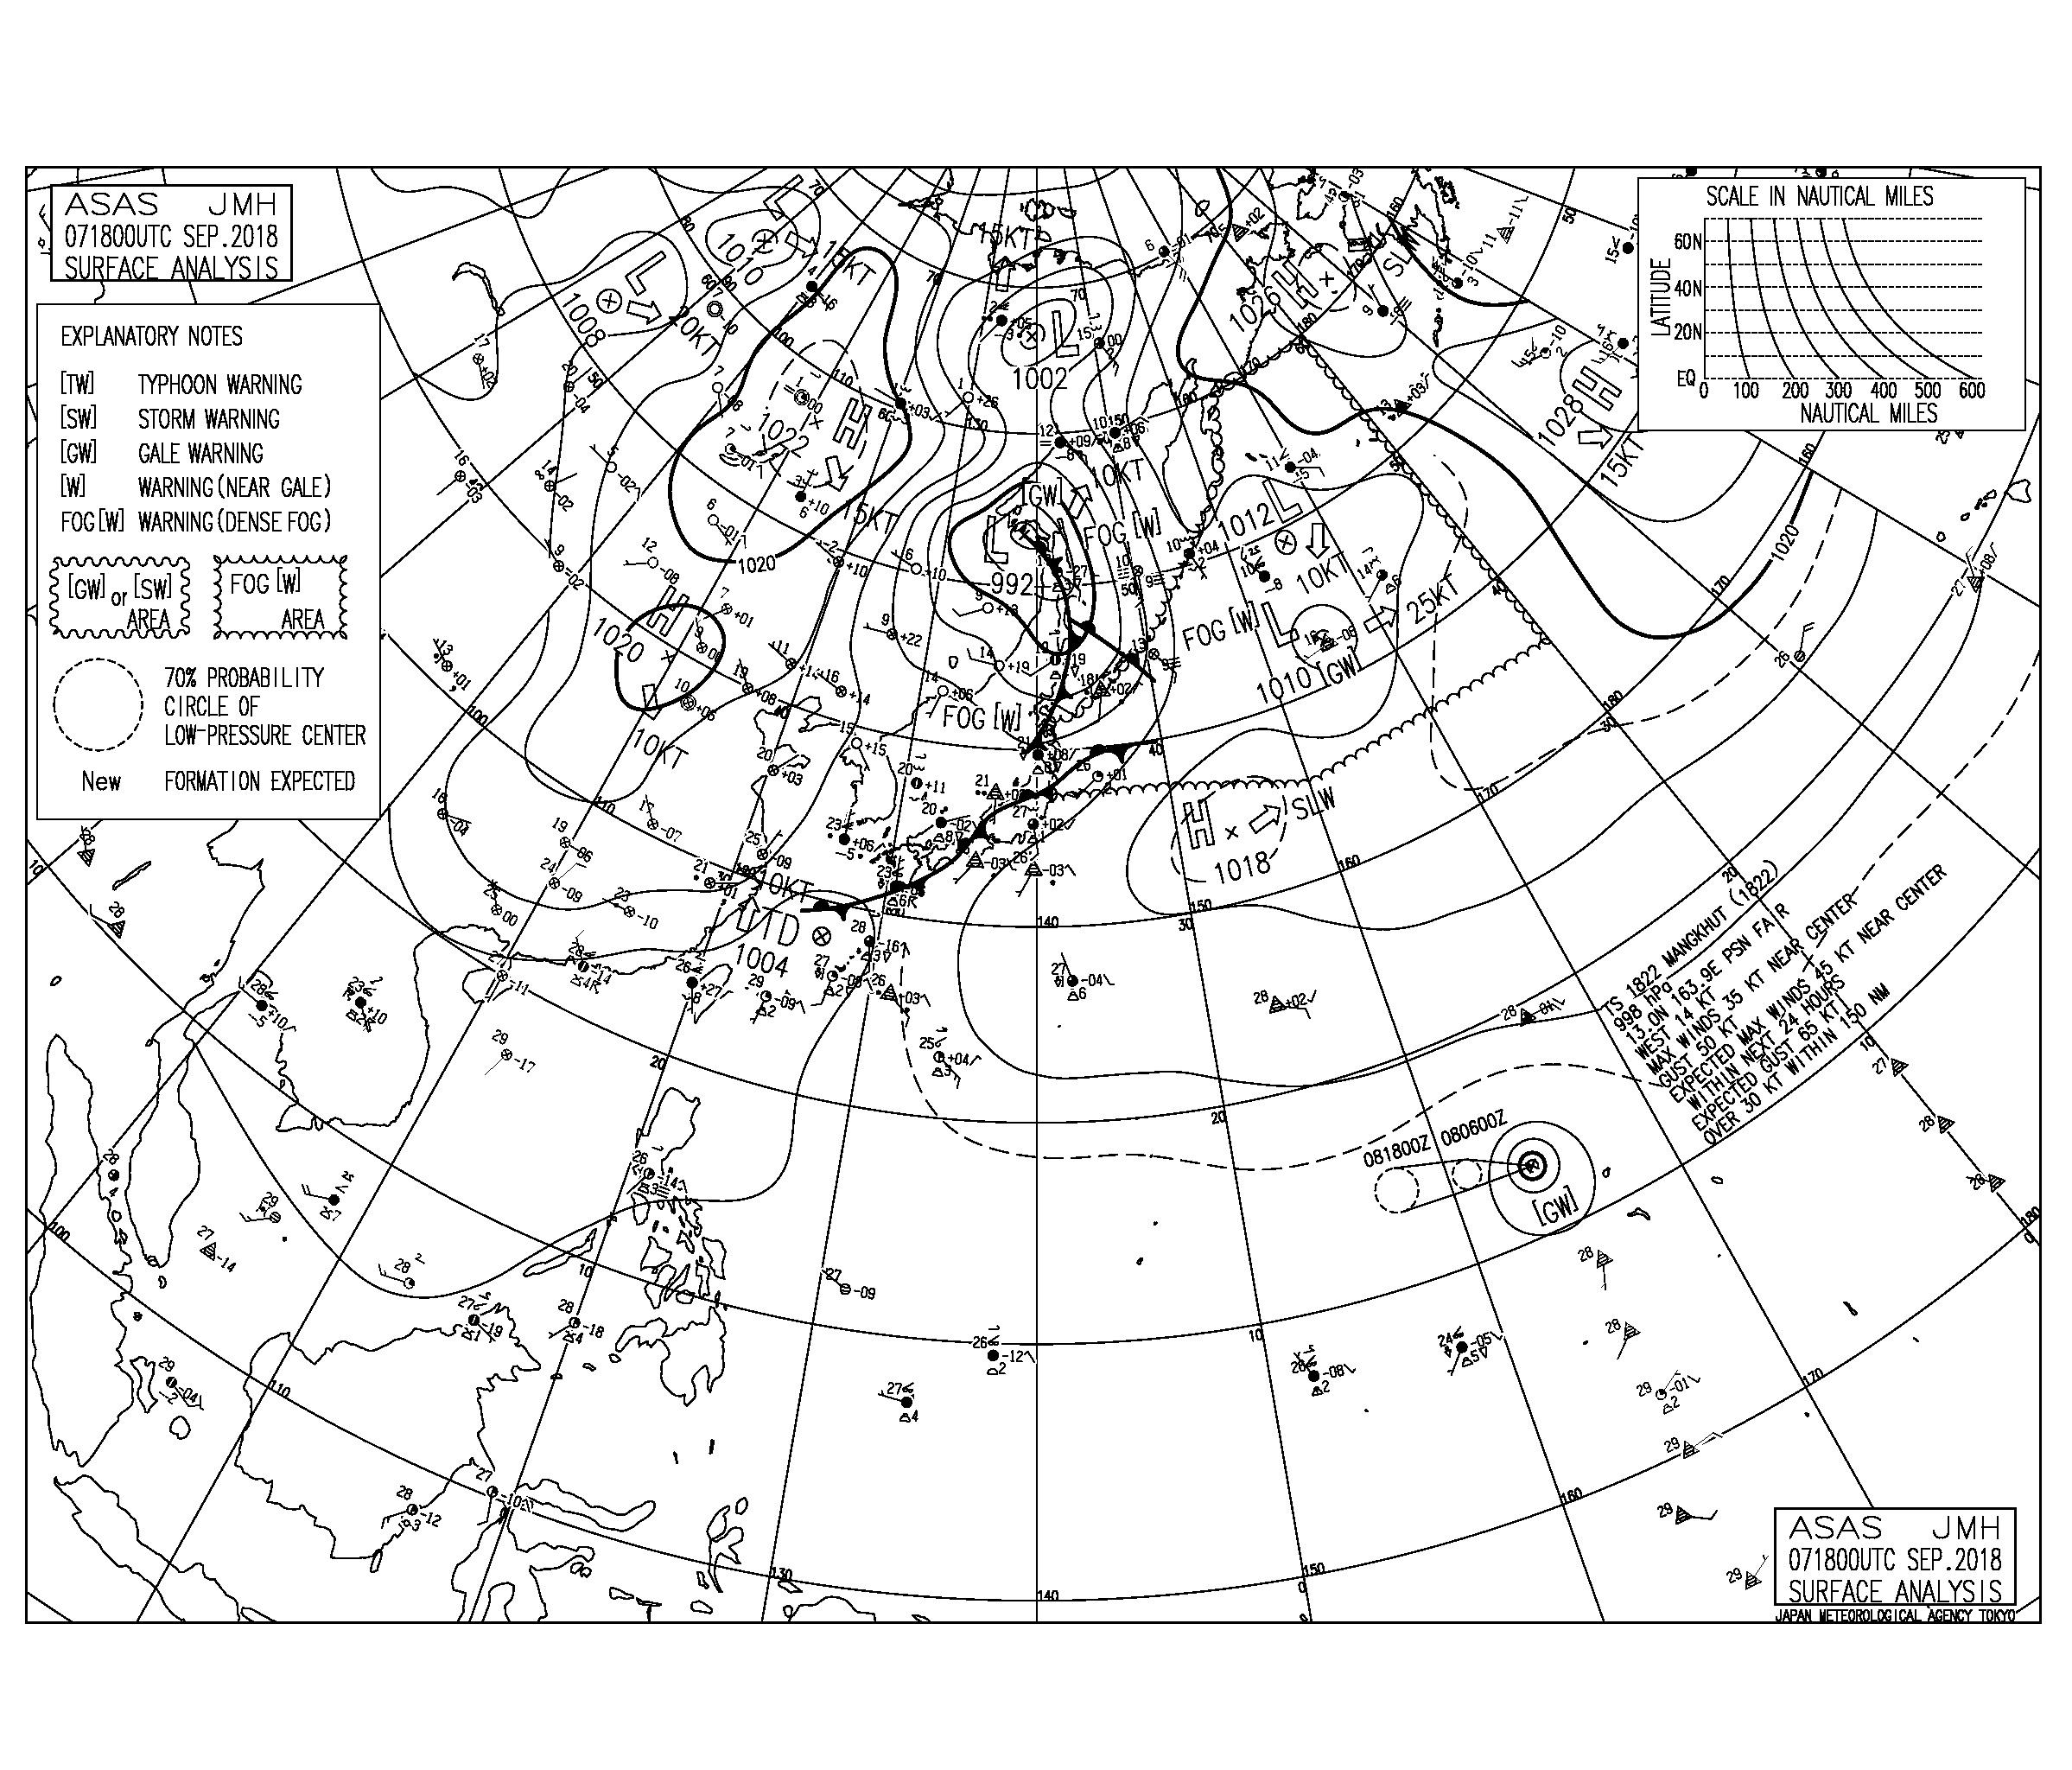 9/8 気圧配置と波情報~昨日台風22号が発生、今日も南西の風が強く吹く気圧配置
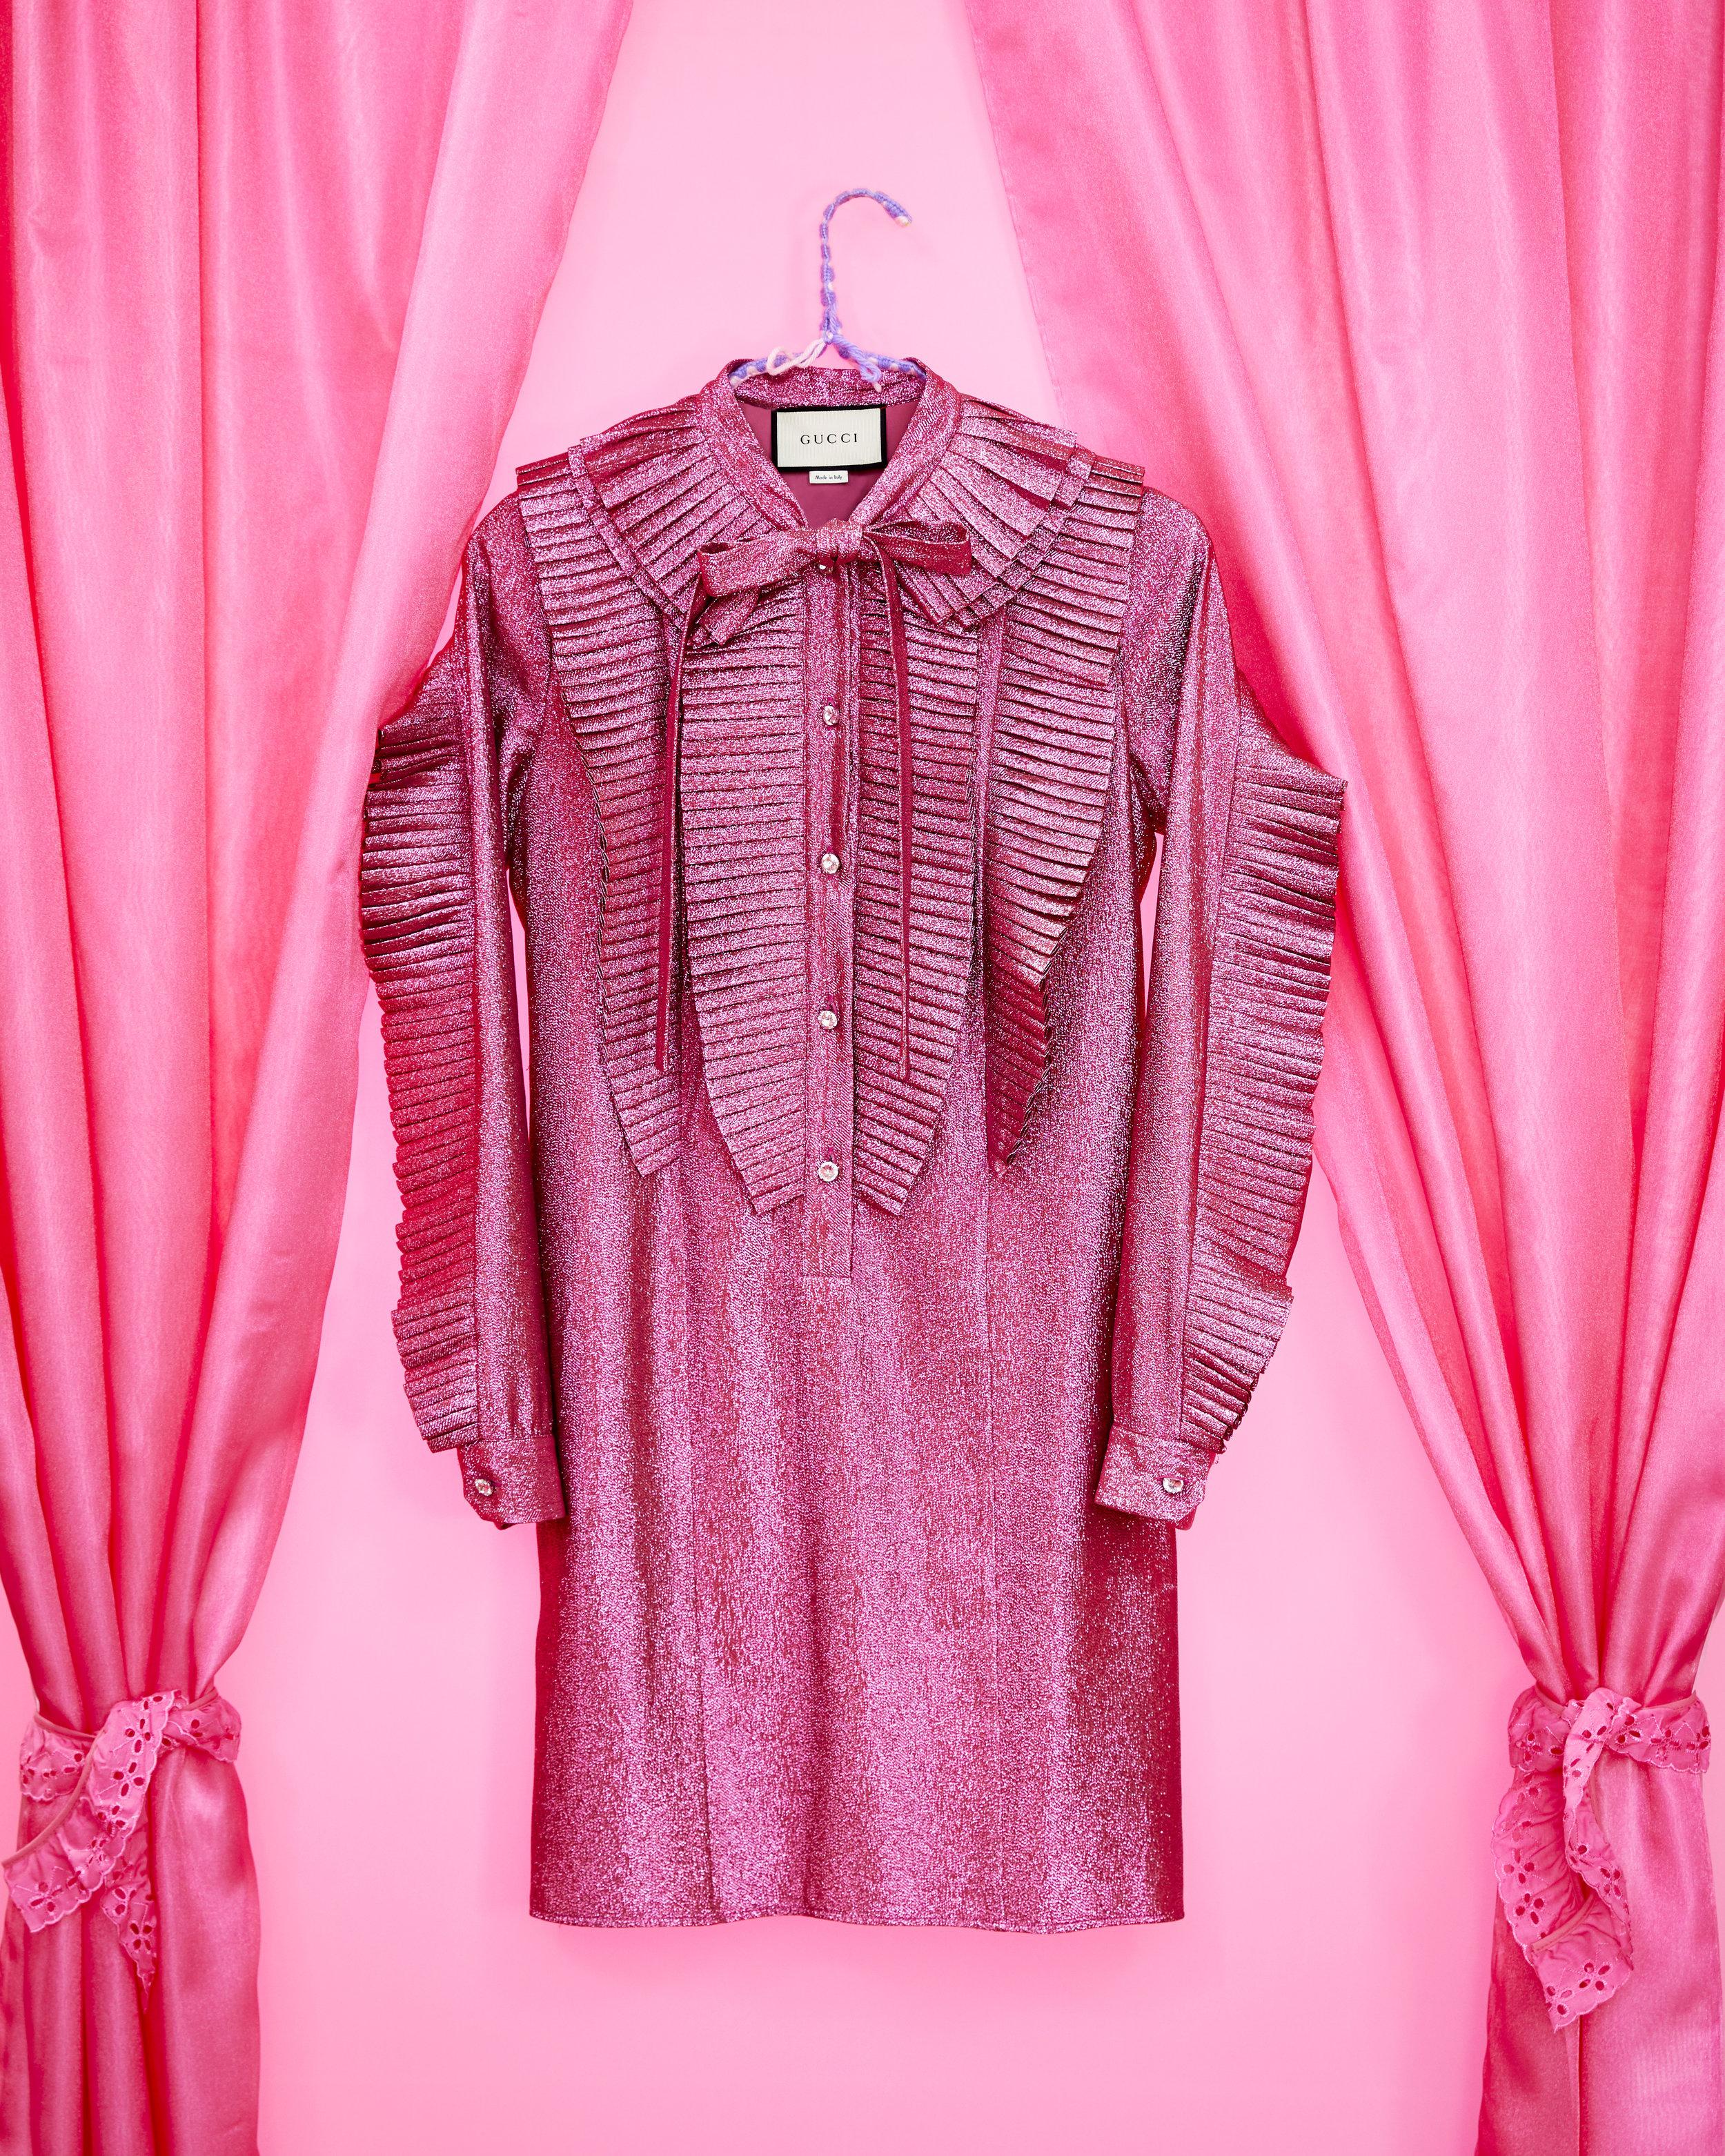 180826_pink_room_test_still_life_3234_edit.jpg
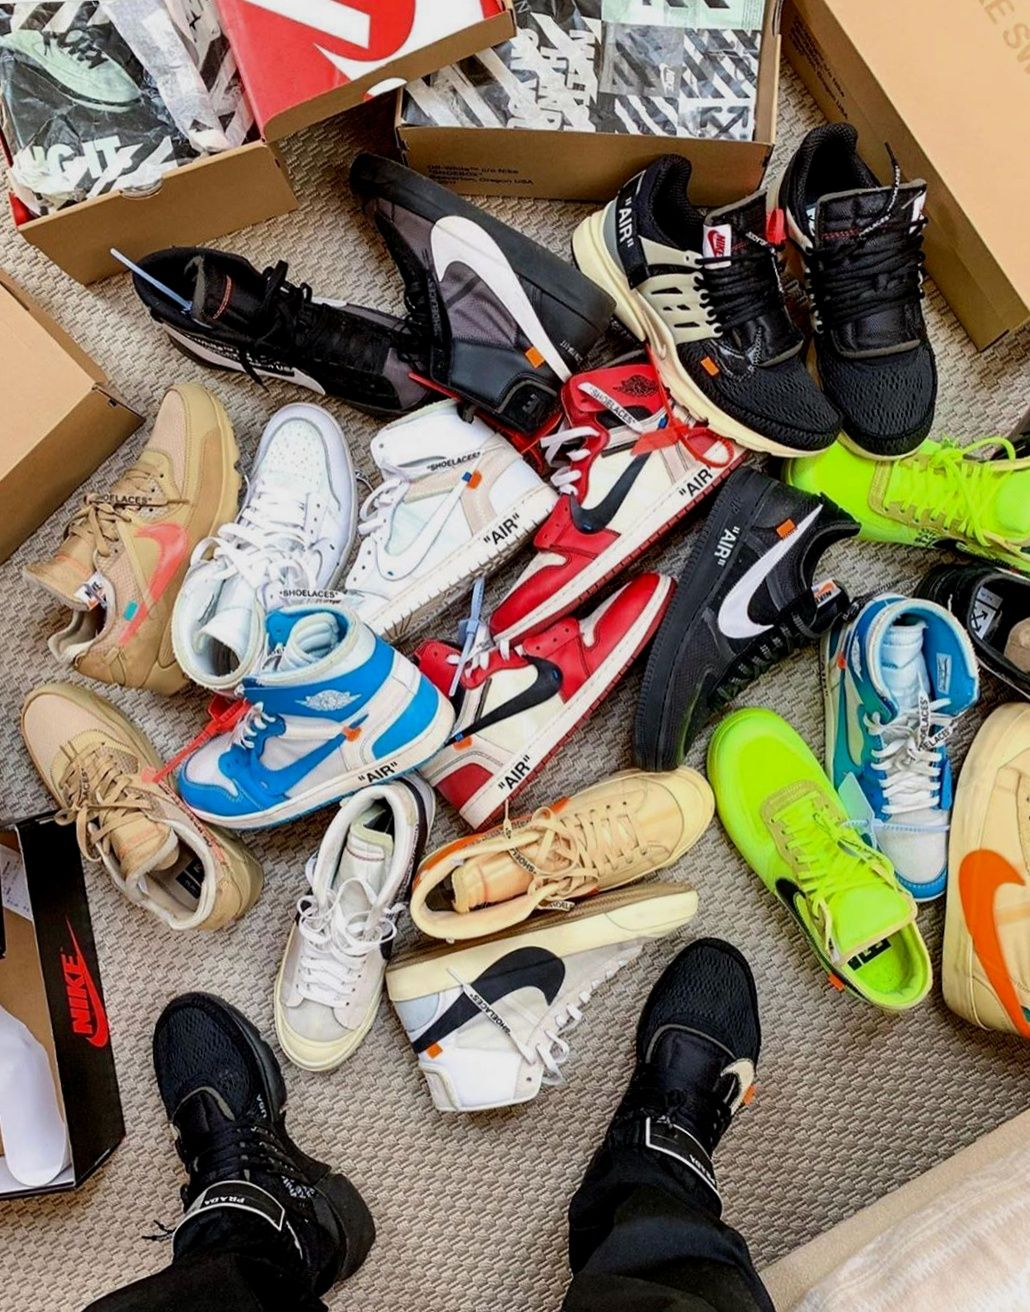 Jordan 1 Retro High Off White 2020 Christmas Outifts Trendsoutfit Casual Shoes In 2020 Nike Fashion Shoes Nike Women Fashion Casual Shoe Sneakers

▬▬▬▬▬▬

▶ **The problem**
Produce the material above again in full, with identical lines and no pictures.

▶ **Worked solution**
 9/8 気圧配置と波情報~昨日台風22号が発生、今日も南西の風が強く吹く気圧配置
 180826_pink_room_test_still_life_3234_edit.jpg
 Jordan 1 Retro High Off White 2020 Christmas Outifts Trendsoutfit Casual Shoes In 2020 Nike Fashion Shoes Nike Women Fashion Casual Shoe Sneakers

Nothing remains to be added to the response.